1. Introduction
Parametric techniques have been widely used in the field of industrial design [
1]. The assembly of an industrial product usually requires many parametric part objects from different parametric shapes. A parametric shape is a parametric template described by a set of driven parameters, which can be instantiated as many parametric part objects [
2,
3]. For example, many common industrial products comprise a variety of screw parts and nut parts generated from the screw template and the nut template.
When we disassemble the recyclable part objects from products into the recycling bins, it is common that there is a stacked scene including parametric part objects from multiple templates. Then, the part objects from the same template are sorted into their own bins according to their parameter values. In recent years, robots guided by visual systems are often used to sort the part objects automatically. However, due to the varied templates, the frequent changes of parameter values, heavy occlusion, sensor noise, etc., the accurate 6D pose estimation and parameter values prediction in such stacked scenes are challenging.
Accurate 6D pose estimation, i.e., 3D translation and 3D rotation, is very essential for robotic grasping tasks. Existing 6D pose estimation methods based on deep learning can be roughly classified into instance-level and category-level methods. Some instance-level 6D pose estimation methods [
4,
5,
6,
7,
8,
9,
10,
11,
12] established 2D-3D or 3D-3D correspondence to solve the 6D pose with exact 3D models for each object. However, these methods cannot generalize to the unseen objects from the same category which have no exact 3D models. Category-level 6D pose estimation methods [
13,
14,
15,
16,
17] regarded the objects from the same category as a class and they had sufficient generalization ability to estimate the unseen objects’ pose. In addition, they also estimated the size of the object, e.g., Refs. [
13,
14,
15] estimated a scale value as the size, which was different from the parameter values in parametric templates. However, since a parametric template is considered as a class in this paper and the parameter values prediction is necessary for the sorting tasks, there are no existing category-level methods to jointly achieve 6D pose estimation and parameter values prediction of part objects from multiple templates in stacked scenarios. Besides, the lack of datasets for such tasks is a barrier for learning-based methods to research further.

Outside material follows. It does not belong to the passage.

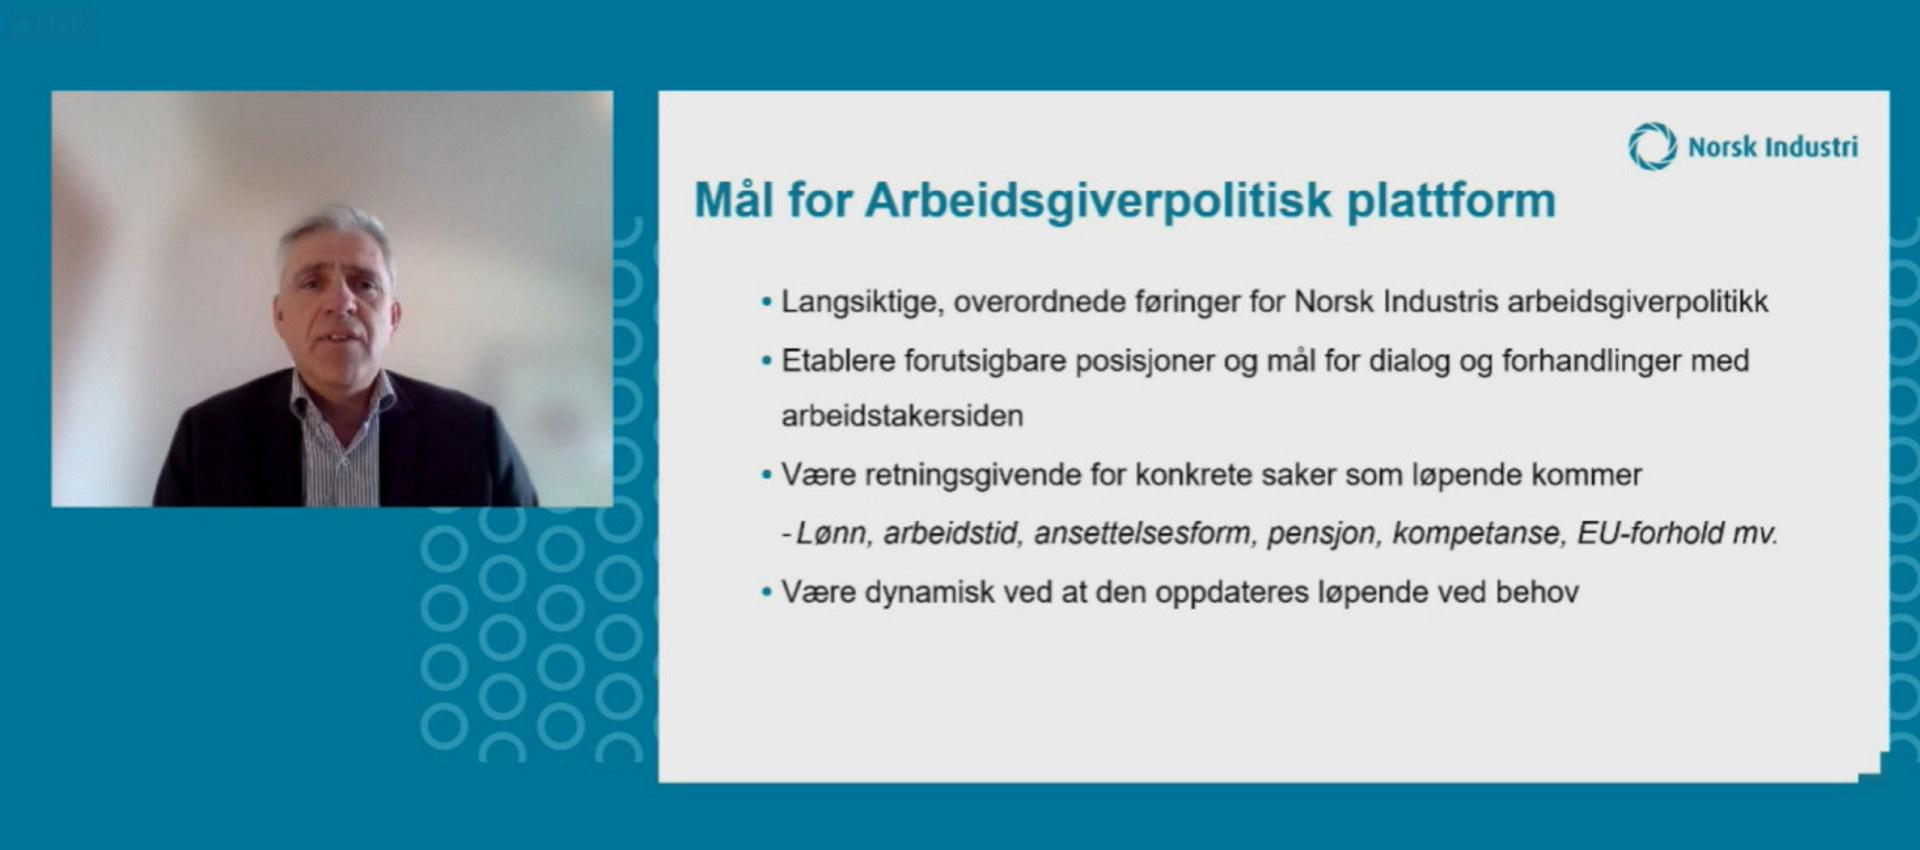 Dag Arthur Aasbø, direktør for organisasjon og samfunnskontakt i Borregaard og medlem av Norsk Industris arbeidsgiverpolitiske utvalg presenterer Norsk Industris arbeidsgiverpolitiske plattform på Arbeidsgiver 2021. Skjermdump fra den digitale konferansen
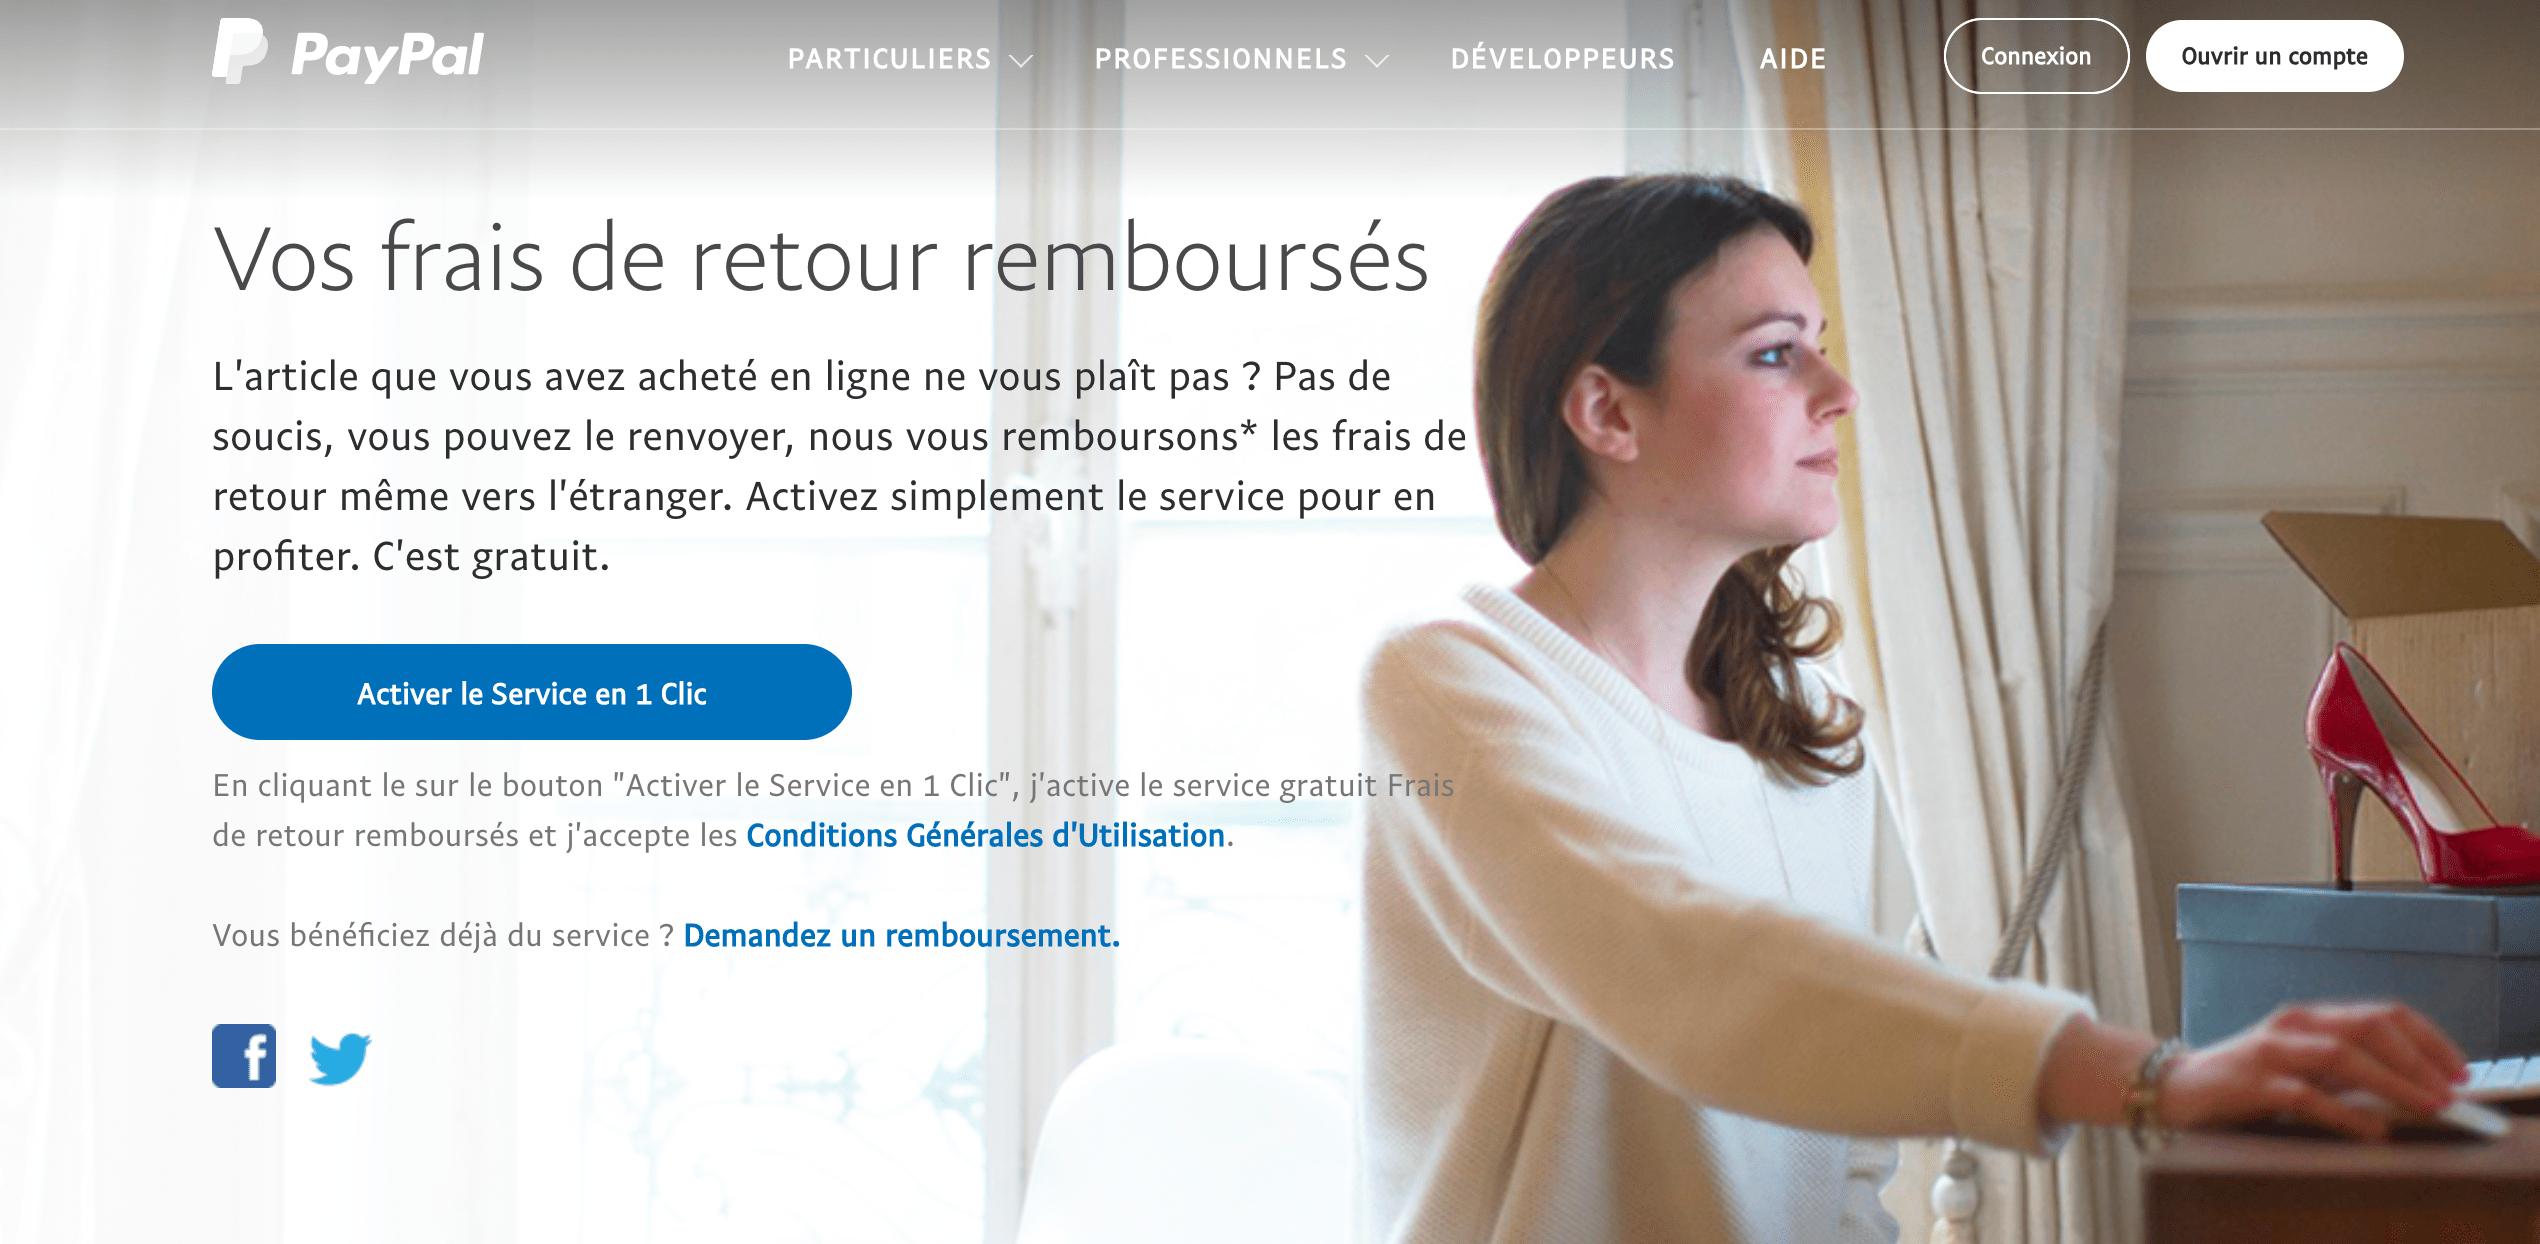 PayPal: saviez-vous qu'il est possible de vous faire rembourser les frais de retour?

To solve the lack of dataset, we construct a new dataset for stacked scenarios of parametric part objects from multiple templates, donated as Multi-Parametric Dataset. As shown in
Figure 1a, we first select four templates from Zeng’s database [
1], which well represent the geometric features and rotation types. Then we sample the parameter values to instantiate each template into different part objects, and they are randomly selected to form a stacked scene. Through automatically labeling technique, we generate a large RGB-D dataset (50K training set, 2K test set) with ground truth annotations of each instance in the stacked scenes, including template label, segmentation mask, 6D pose, parameter values, and visibility.
To solve the lack of method for stacked scenarios of parametric part objects from multiple templates, we propose a new network with residual modules as our baseline method, Multi-templates Parametric Pose Network, donated as MPP-Net. MPP-Net can jointly achieve foreground segmentation, instance segmentation, template segmentation, 6D pose estimation and parameter values prediction. As shown in
Figure 1b, MPP-Net takes unordered point cloud as the input, and first predicts the foreground points in the scene. Then, similar to [
3,
18,
19], we predict point-wise template, parameter values and 6D pose. To improve the accuracy of our method, we also design the residual modules for the prediction of translation, rotation and parameter values. In our experiments, MPP-Net is evaluated on our Multi-Parametric Dataset for the learning and generalization abilities evaluation, respectively.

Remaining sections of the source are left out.